Sabato 20 Aprile 2024

Qui radio Londra vi parla Goebbels

Lavrov e i paradossi della libertà

Michele Brambilla

Michele Brambilla

I nostri complimenti ai colleghi di Rete 4 per l’intervista a Lavrov non sono sinceri: sono sincerissimi. Hanno fatto un scoop eccezionale che avremmo voluto fare noi (invidiosi). Chapeau. Questa è la prima premessa. La seconda è che mai, nemmeno durante una guerra, si deve limitare la libertà di espressione: ci distinguiamo dai Paesi in cui la libertà di parola è proibita – a partire dalla Russia di Lavrov – proprio per questo. Ciò detto, le polemiche per l’intervista al ministro degli esteri russo sono tutt’altro che insensate. Ci portano a un tema cruciale: fatta salva la libertà di parola, è lecito che ciascuno possa diffondere impunemente tante menzogne?

Lavrov ha detto una imbarazzante quantità di sciocchezze: ha negato che la Russia abbia mai minacciato la guerra nucleare, quando sulle tv russe è da giorni che vengono mostrate con orgoglio le simulazioni dei missili che distruggerebbero Londra in pochi secondi; ha ripescato la leggenda su Hitler ebreo, diffusa durante la seconda guerra mondiale dal governatore nazista della Polonia Hans Frank; ha intiminato a Zelensky di "cessare le ostilità", come se l’aggressore fosse l’Ucraina e non la Russia (e questa è la regina di tutte le balle). Ma del resto: che le affermazioni di Lavrov siano state "deliranti" e non condivisibili lo ha detto lo stesso Mauro Crippa, direttore generale di Mediaset, il quale, ovviamente, ha però difeso la scelta di mandare in onda l’intervista. E certo Mediaset ha fatto bene a trasmetterla, nonostante l’assenza di un contradditorio che Lavrov non avrebbe accettato, facendo quindi saltare la trasmissione.

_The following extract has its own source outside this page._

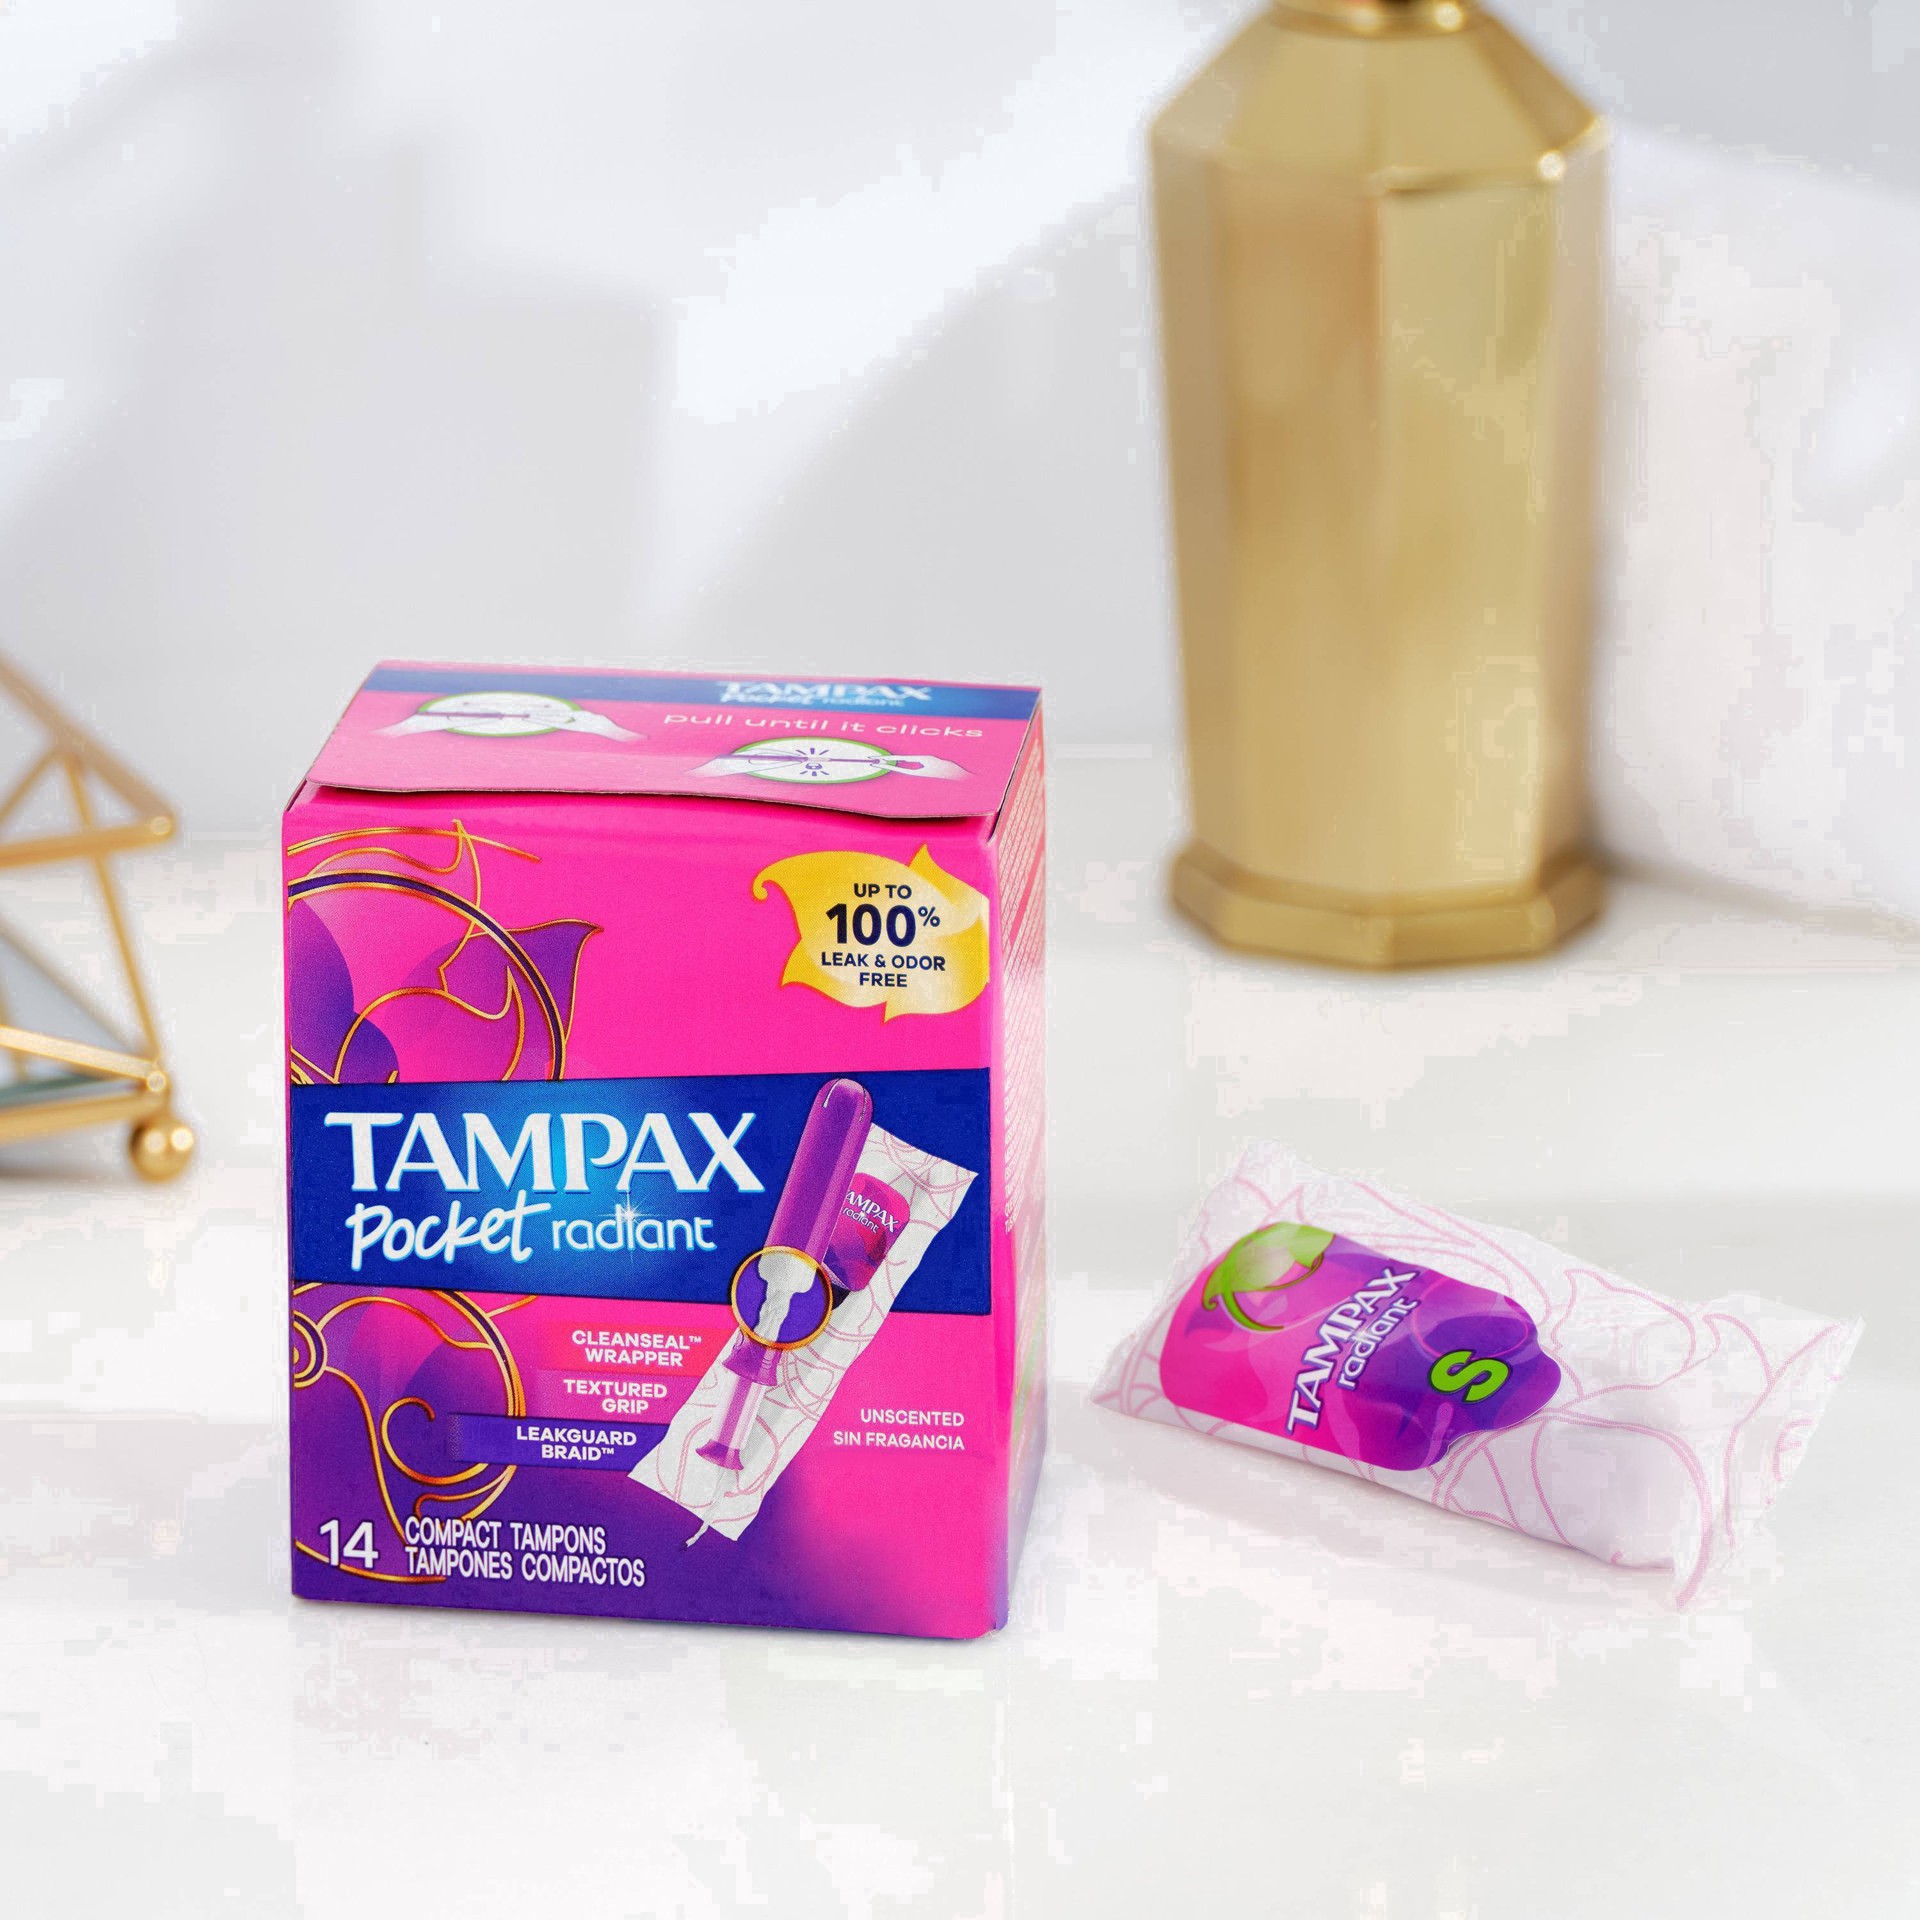 slide 52 of 94, Tampax Pocket Radiant Compact Plastic Tampons, With LeakGuard Braid, Super Absorbency, Unscented, 28 Count, 28 ct

Il punto è però un altro. È che quando qualcuno le spara grosse, occorre che sia subito sbugiardato. Oggi sembra che ogni tv sia obbligata a ospitare sempre il controcanto. Ci sono tv che hanno ospiti fissi giornalisti russi i quali, se in patria parlassero liberamente, si beccherebbero fino a quindici anni di galera, e che da noi fanno i corifei di Putin. È giusto? È democratico? Ma è come se Radio Londra avesse fatto sentire anche l’opinione di Goebbels, e se in un dibattito sull’Olocausto si fosse ritenuto doveroso sentire anche la versione di Himmler.

Non si tratta di ripristinare la censura: si tratta di mettere in guardia tutti noi da un imbroglio. Certi imbecilli diventati improvvisamente famosi non vengono invitati nei talk show "perché bisogna sentire tutte le opinioni", ma perché alzano lo share. E il risultato è che non si riesce più a distinguere nulla, si mescolano verità e menzogna, fatti e propaganda. Ha vinto ovunque, purtroppo, la strategia dei social: uno vale uno. Che sia un premio Nobel o un ubriaco, una vittima o un assassino, un uomo libero o un Lavrov.